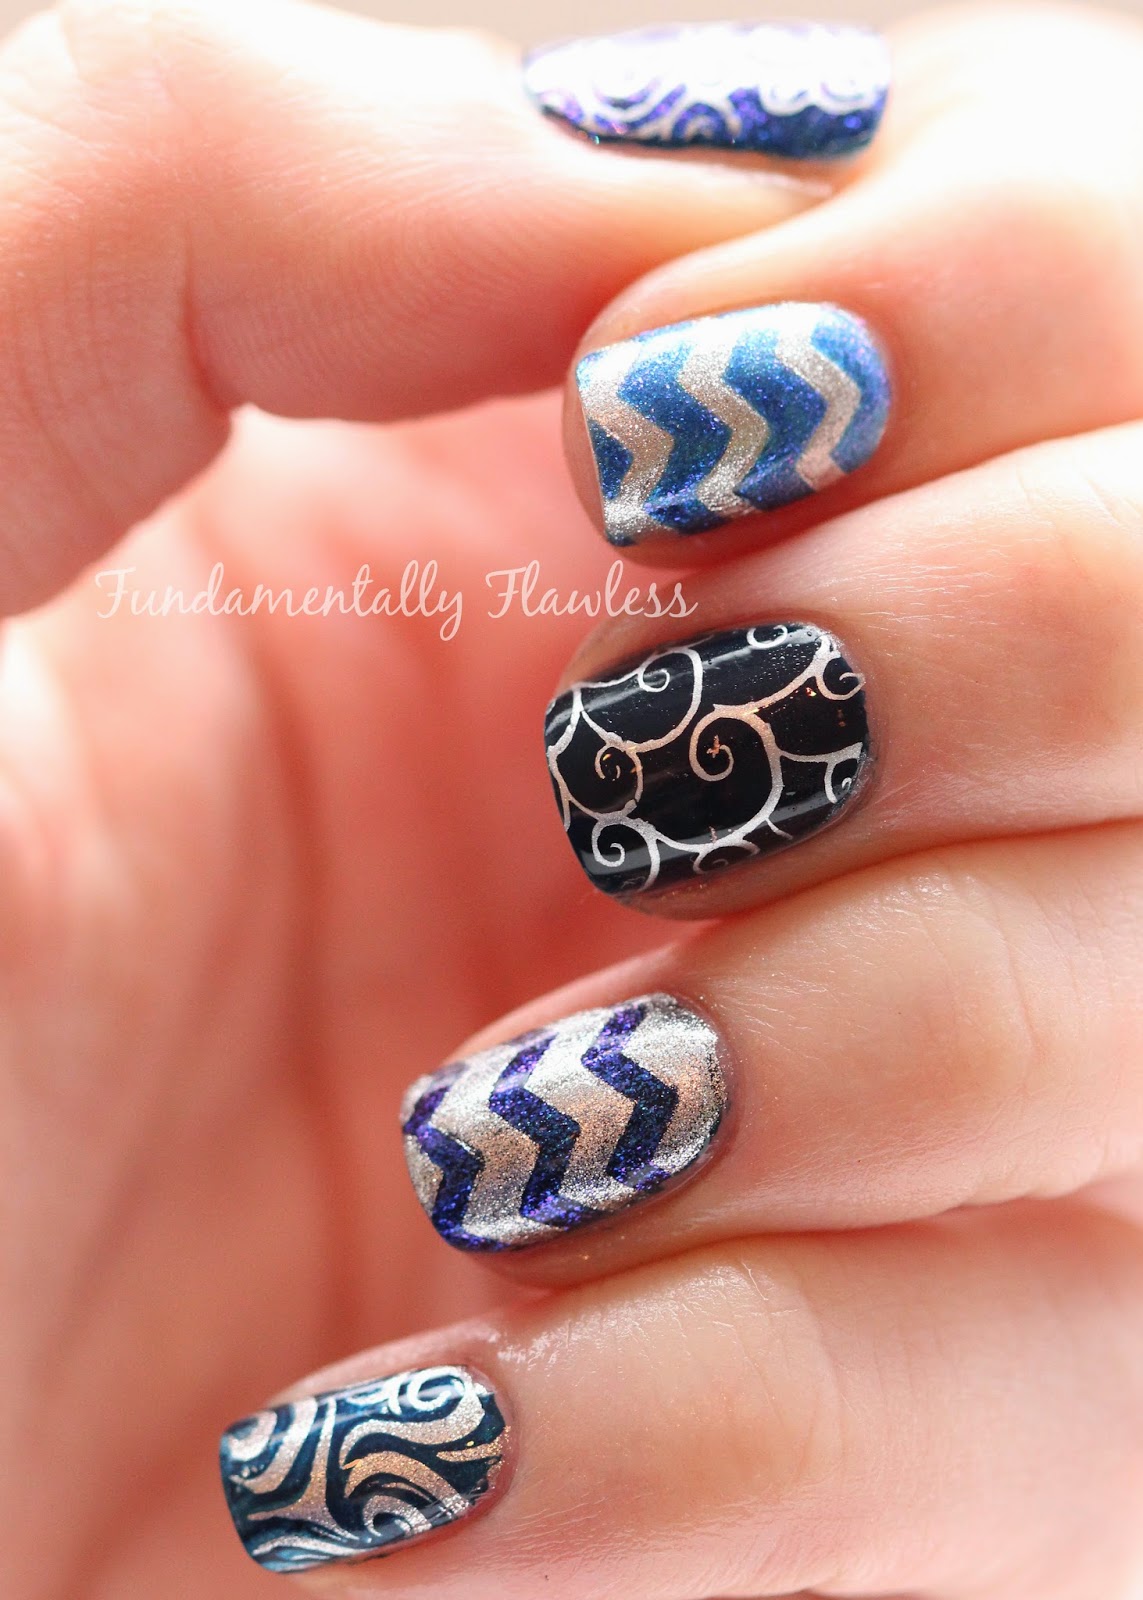 Navy Blue and Silver Nail Art with MoYou Sailor Collection 03 and Nail Vinyls
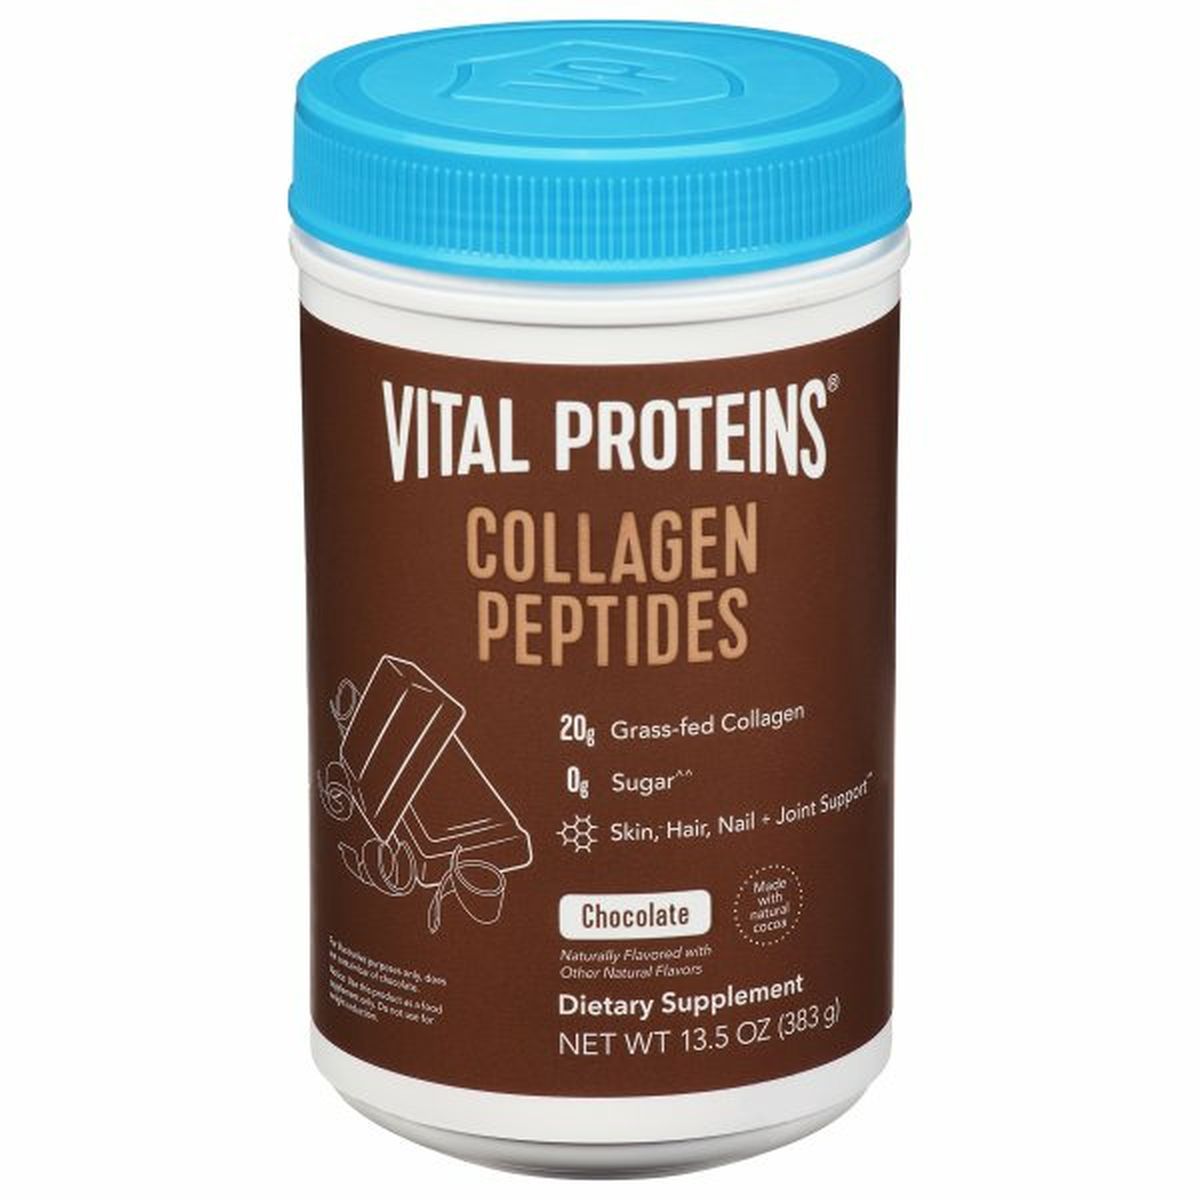 Calories in Vital Proteins Collagen Peptides, Chocolate
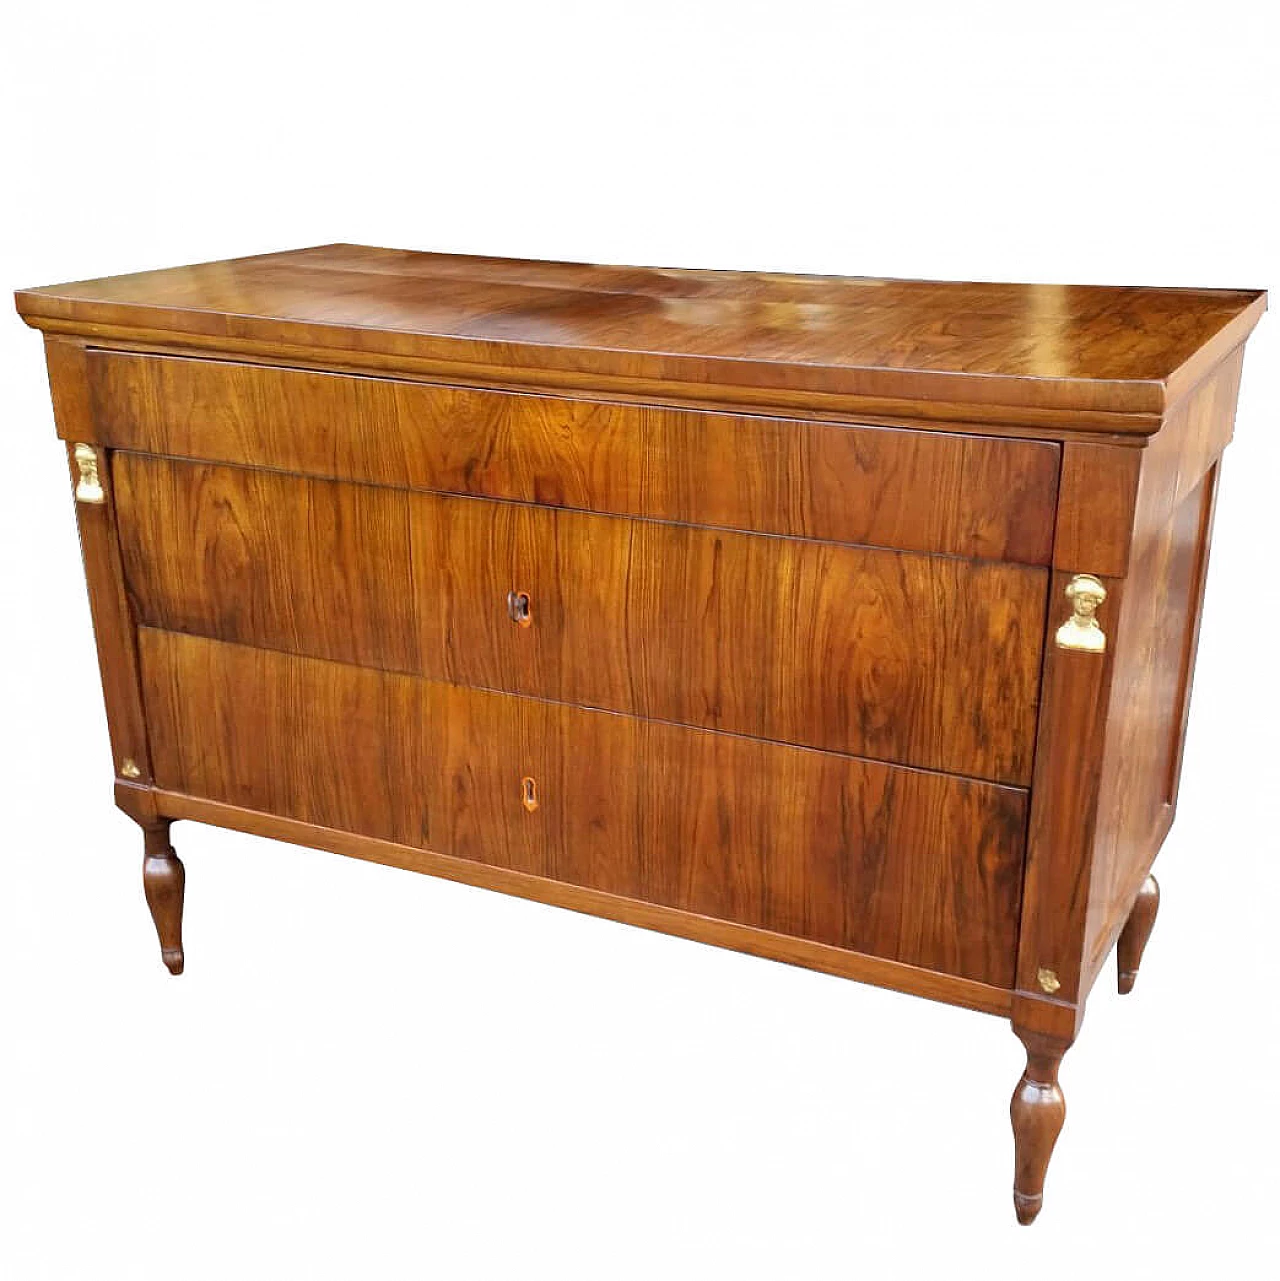 Direttorio chest of drawers in walnut, late 18th century 1246285

== What the task asks ==
Leave every picture out and print exactly the lines from the one that contains "Calories in Vital" through the last line of the material above.

== Answer box ==
 Calories in Vital Proteins Collagen Peptides, Chocolate
 Direttorio chest of drawers in walnut, late 18th century 1246285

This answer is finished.